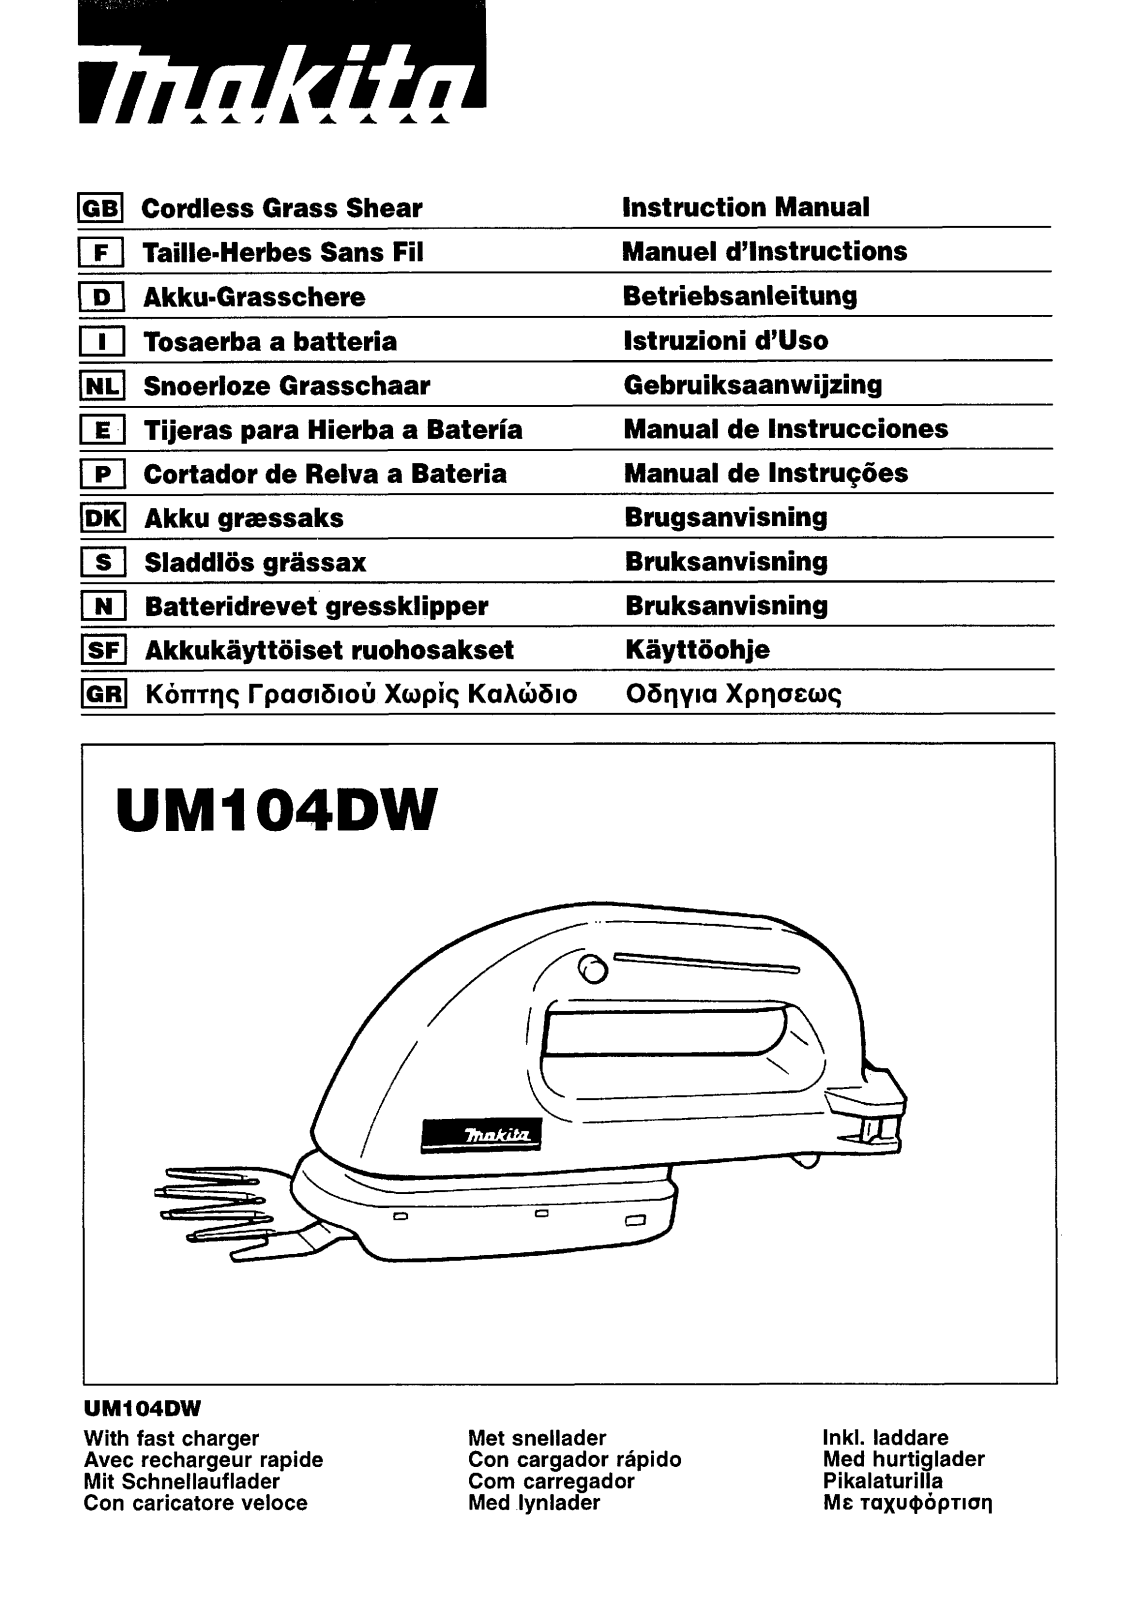 Makita UM104DW Manual
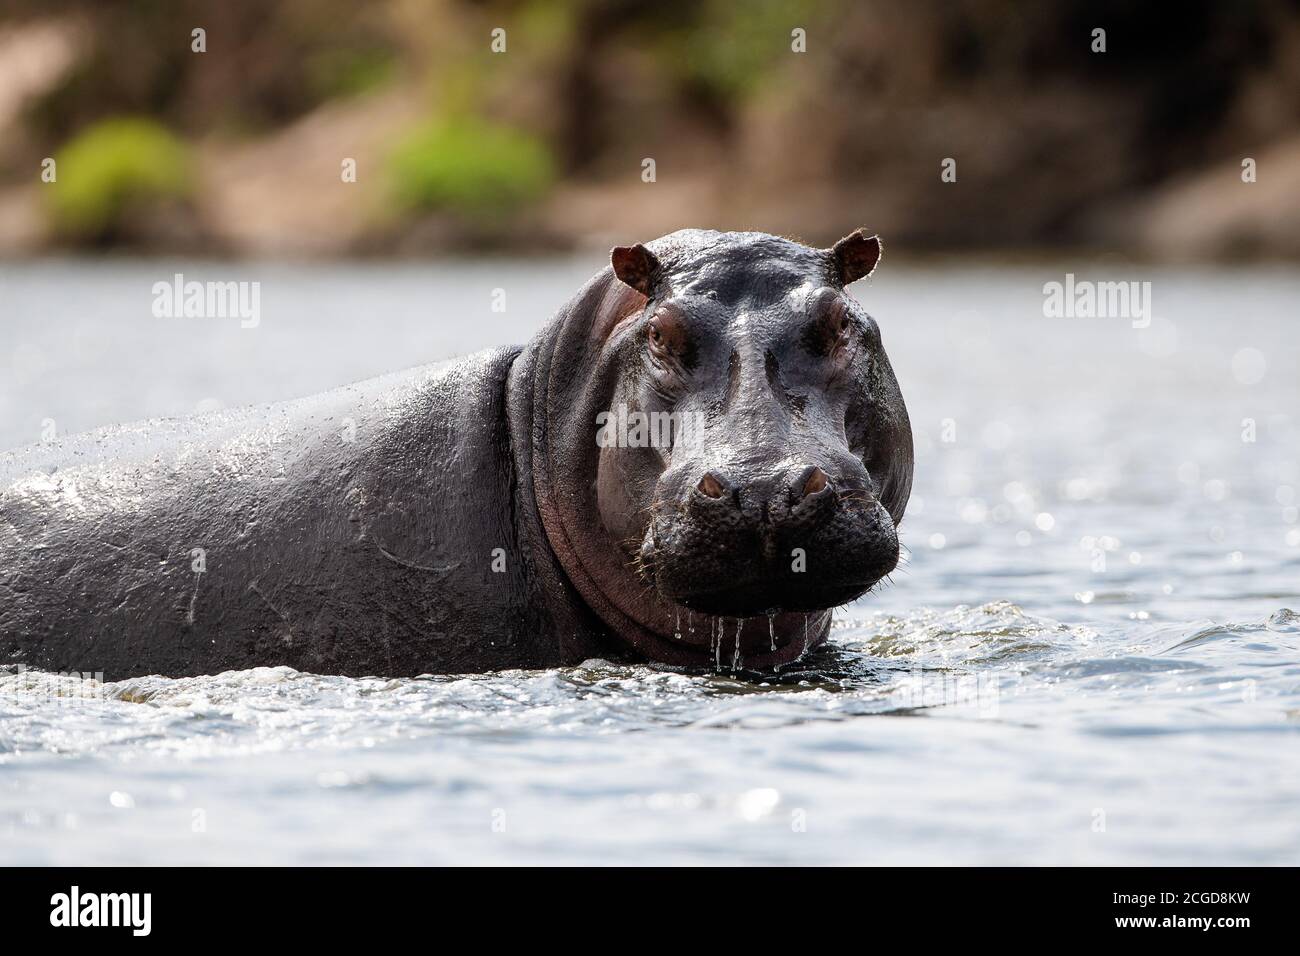 Hippopotamus commun africain (Hippopotamus amphibius) dans la rivière Talek, réserve de Masai Mara, Kenya, afrique de l'est Banque D'Images
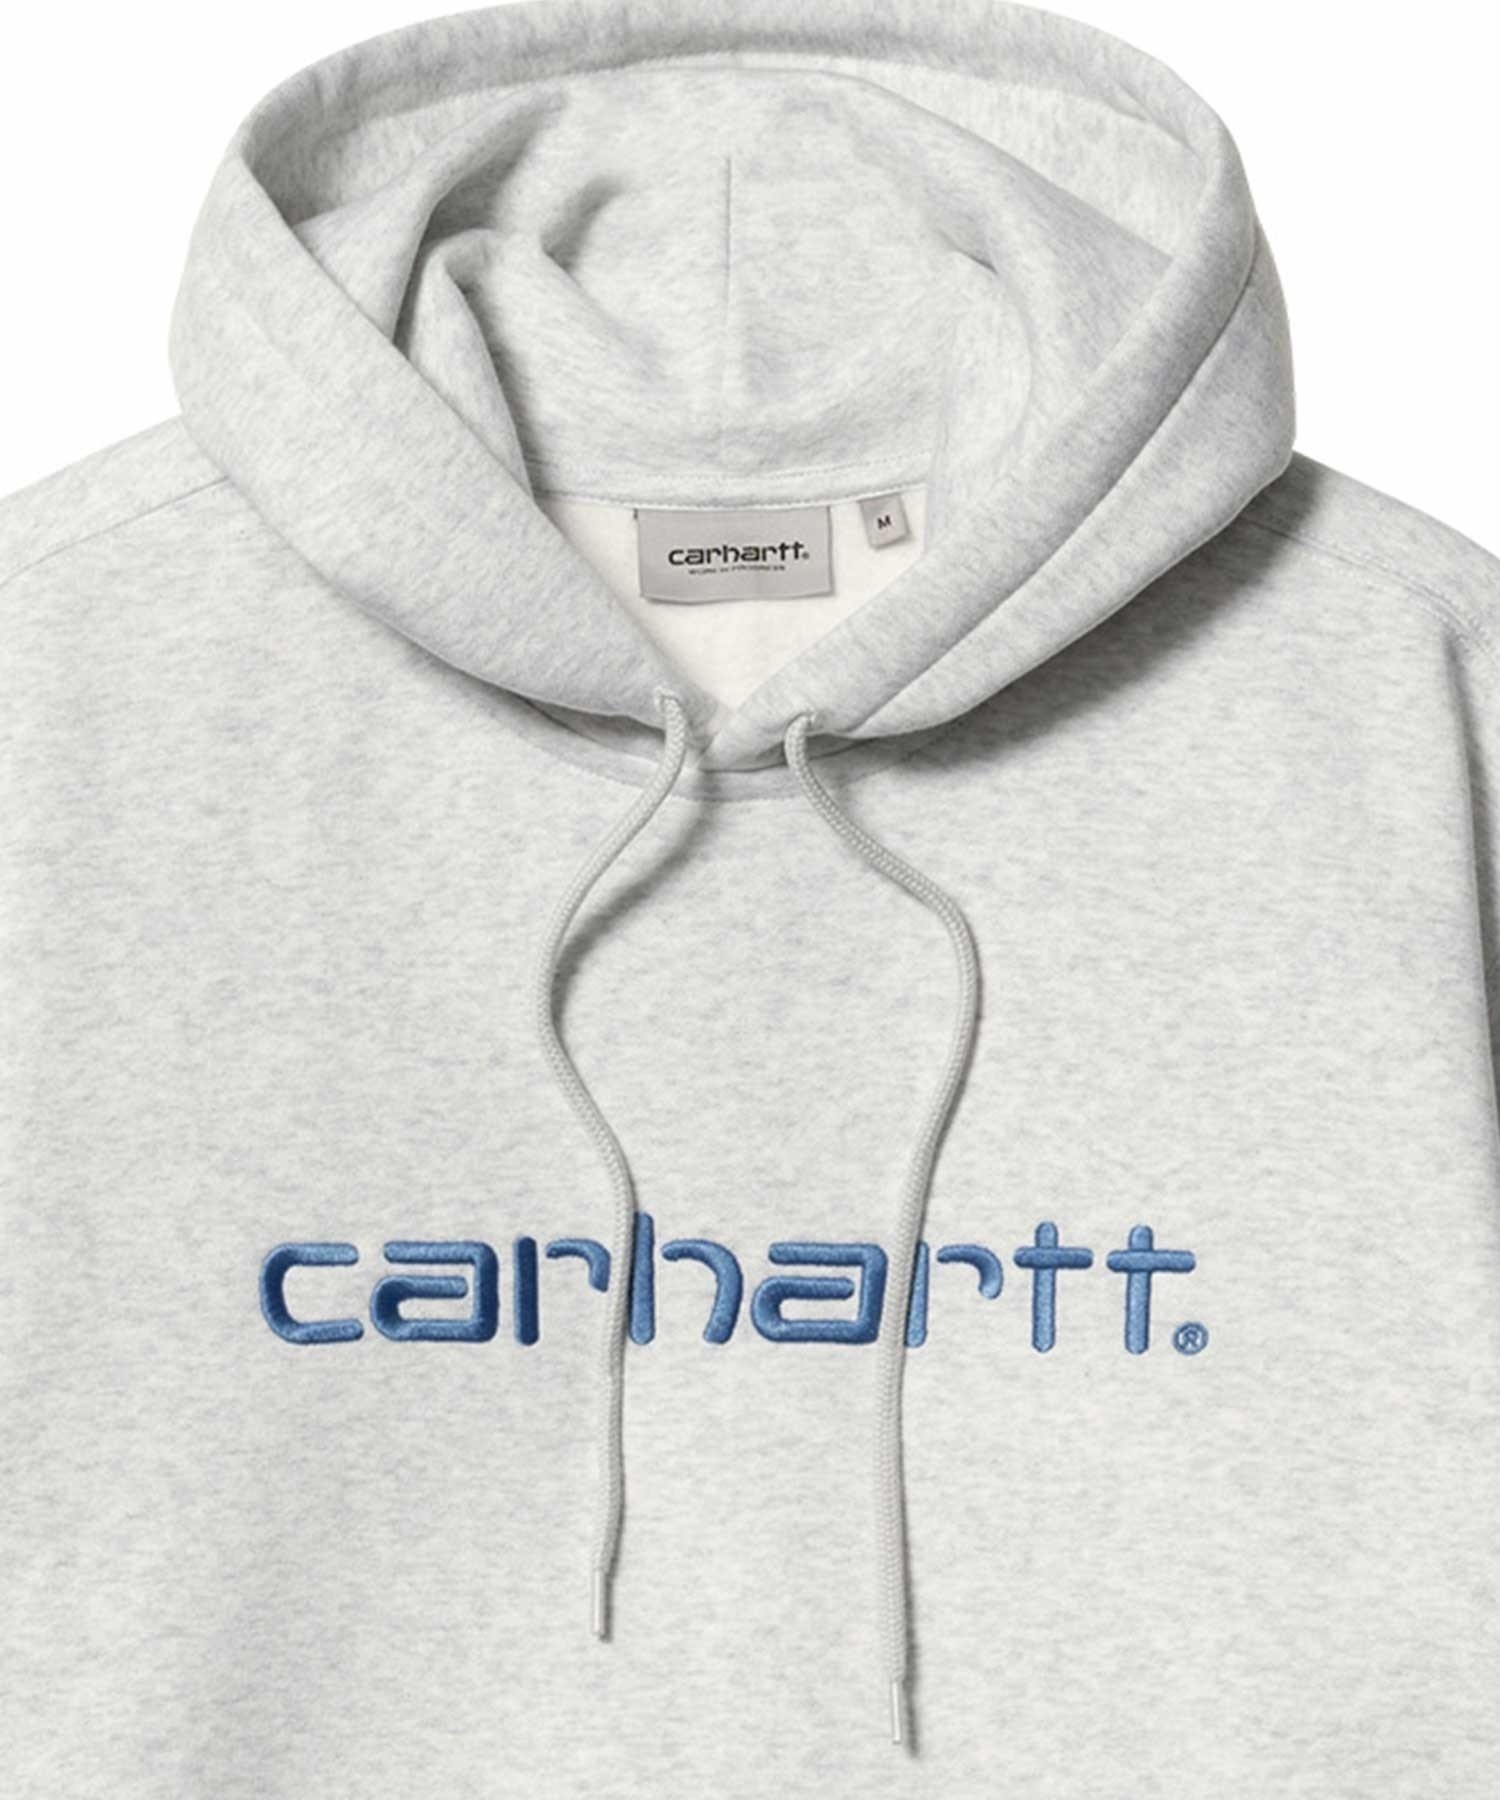 Carhartt WIP/カーハートダブリューアイピー メンズ スウェットパーカー ルーズシルエット I030547(HT/LB-S)
====
### WHAT YOU HAVE TO DO
Drop the pictures, then transcribe the lines from the one containing "Hippopotamus commun africain" to the end of the data above, exactly and nothing more.

### YOUR SOLUTION
 Hippopotamus commun africain (Hippopotamus amphibius) dans la rivière Talek, réserve de Masai Mara, Kenya, afrique de l'est Banque D'Images
 Carhartt WIP/カーハートダブリューアイピー メンズ スウェットパーカー ルーズシルエット I030547(HT/LB-S)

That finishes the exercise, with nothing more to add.